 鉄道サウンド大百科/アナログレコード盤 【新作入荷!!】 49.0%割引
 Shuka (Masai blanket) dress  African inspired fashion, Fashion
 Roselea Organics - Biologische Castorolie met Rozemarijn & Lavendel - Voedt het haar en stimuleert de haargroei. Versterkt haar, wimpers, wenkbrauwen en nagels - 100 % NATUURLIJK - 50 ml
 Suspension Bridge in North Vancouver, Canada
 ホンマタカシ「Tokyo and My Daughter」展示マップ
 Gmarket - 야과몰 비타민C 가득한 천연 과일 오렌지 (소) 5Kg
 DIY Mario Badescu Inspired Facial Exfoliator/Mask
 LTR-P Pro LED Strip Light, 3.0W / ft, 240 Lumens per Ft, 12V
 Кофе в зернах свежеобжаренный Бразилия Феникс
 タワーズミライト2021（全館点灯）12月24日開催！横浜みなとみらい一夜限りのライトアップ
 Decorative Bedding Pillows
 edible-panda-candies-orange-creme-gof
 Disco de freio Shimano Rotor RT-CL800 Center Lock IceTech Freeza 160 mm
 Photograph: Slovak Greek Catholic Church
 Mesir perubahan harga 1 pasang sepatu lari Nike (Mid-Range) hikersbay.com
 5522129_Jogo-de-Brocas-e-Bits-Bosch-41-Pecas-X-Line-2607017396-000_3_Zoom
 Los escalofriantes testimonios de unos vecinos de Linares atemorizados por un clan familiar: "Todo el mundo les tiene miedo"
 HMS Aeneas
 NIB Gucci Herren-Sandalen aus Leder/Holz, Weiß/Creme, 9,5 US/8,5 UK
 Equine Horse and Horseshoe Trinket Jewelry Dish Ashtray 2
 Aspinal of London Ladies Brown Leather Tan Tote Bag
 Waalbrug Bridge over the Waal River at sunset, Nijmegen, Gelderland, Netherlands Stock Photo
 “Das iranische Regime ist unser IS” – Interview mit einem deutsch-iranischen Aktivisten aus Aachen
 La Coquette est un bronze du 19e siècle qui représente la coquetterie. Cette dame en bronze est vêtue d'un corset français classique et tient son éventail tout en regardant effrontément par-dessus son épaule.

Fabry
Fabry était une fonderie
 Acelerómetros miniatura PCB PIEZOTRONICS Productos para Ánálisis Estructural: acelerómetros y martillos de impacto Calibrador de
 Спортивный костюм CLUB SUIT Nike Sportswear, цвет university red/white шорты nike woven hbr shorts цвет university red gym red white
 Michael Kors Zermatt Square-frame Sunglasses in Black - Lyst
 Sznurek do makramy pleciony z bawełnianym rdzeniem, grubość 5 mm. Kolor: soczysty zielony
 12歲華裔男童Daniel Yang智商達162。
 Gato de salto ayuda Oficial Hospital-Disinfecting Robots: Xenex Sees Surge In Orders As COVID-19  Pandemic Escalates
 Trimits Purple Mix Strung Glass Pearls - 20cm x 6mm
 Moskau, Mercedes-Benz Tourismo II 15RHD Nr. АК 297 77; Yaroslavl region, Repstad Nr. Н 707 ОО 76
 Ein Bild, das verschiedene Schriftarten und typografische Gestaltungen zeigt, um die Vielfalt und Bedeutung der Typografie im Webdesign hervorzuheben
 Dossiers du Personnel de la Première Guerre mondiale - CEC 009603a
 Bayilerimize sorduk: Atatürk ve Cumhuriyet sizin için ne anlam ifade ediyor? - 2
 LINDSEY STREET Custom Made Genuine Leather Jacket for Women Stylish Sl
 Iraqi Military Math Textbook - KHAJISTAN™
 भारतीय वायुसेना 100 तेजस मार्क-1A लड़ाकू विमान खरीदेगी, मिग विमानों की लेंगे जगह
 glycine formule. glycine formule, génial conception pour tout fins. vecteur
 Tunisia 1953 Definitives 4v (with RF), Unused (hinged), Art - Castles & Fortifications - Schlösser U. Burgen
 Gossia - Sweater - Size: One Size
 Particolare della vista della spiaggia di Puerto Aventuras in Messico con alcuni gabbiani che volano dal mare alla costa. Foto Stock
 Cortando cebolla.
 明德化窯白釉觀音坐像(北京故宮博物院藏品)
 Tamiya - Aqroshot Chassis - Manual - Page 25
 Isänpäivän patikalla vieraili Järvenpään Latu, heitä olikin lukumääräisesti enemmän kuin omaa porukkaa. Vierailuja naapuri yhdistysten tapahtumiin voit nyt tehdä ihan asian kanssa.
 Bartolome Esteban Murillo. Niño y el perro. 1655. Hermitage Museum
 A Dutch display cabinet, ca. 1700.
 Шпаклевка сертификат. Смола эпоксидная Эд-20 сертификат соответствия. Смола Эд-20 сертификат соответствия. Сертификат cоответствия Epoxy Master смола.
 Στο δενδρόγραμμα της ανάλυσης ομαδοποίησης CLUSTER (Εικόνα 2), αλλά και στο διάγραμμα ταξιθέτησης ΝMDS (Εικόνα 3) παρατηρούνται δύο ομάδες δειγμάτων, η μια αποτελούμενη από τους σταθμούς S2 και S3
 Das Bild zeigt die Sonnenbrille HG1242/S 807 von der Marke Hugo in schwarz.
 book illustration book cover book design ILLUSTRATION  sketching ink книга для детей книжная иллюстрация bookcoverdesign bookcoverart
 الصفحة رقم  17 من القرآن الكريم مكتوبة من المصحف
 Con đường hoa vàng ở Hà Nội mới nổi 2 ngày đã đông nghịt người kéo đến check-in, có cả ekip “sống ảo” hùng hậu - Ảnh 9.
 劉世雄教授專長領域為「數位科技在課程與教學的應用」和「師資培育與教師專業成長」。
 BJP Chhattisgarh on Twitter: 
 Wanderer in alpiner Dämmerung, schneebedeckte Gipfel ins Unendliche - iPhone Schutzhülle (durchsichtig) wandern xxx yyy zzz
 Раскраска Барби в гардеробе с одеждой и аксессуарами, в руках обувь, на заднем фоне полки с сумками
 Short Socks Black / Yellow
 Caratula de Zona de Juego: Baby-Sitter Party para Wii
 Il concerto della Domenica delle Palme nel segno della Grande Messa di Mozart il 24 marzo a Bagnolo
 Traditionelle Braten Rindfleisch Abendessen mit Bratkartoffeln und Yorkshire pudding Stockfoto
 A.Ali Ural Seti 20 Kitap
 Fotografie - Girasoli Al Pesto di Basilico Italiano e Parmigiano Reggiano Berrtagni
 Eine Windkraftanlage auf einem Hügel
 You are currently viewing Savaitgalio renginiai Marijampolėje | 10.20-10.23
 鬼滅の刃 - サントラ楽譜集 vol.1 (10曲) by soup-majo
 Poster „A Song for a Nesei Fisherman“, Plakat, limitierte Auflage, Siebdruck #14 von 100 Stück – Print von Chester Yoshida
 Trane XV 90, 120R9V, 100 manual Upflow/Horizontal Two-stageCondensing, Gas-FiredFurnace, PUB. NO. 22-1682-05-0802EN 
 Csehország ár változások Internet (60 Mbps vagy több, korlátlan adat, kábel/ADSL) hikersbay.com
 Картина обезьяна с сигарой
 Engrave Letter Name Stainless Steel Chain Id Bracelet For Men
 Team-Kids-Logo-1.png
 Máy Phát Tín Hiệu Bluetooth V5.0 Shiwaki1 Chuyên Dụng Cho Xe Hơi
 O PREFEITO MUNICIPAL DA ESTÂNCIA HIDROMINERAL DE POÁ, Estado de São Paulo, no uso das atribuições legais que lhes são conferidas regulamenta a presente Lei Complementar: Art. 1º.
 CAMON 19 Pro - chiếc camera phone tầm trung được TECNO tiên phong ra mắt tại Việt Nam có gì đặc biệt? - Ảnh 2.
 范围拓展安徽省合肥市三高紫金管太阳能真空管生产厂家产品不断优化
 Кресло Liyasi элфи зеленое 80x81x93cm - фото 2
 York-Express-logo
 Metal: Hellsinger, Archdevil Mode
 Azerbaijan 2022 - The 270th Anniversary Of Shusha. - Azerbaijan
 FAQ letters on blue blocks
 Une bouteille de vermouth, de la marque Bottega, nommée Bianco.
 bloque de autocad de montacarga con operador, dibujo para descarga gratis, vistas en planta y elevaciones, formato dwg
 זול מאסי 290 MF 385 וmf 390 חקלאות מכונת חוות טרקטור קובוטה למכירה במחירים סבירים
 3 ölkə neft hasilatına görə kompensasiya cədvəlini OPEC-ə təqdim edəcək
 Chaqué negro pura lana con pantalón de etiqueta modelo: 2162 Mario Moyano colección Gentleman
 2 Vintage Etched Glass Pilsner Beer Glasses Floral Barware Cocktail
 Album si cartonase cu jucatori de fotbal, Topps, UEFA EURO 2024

-=-=-=-=-

*WHAT NEEDS TO BE DONE*
Repeat, character for character, the lines of the material above from the line with "Dossiers du Personnel" through the line with "Iraqi Military Math Textbook - KHAJISTAN™".

*WRITTEN RESPONSE*
 Dossiers du Personnel de la Première Guerre mondiale - CEC 009603a
 Bayilerimize sorduk: Atatürk ve Cumhuriyet sizin için ne anlam ifade ediyor? - 2
 LINDSEY STREET Custom Made Genuine Leather Jacket for Women Stylish Sl
 Iraqi Military Math Textbook - KHAJISTAN™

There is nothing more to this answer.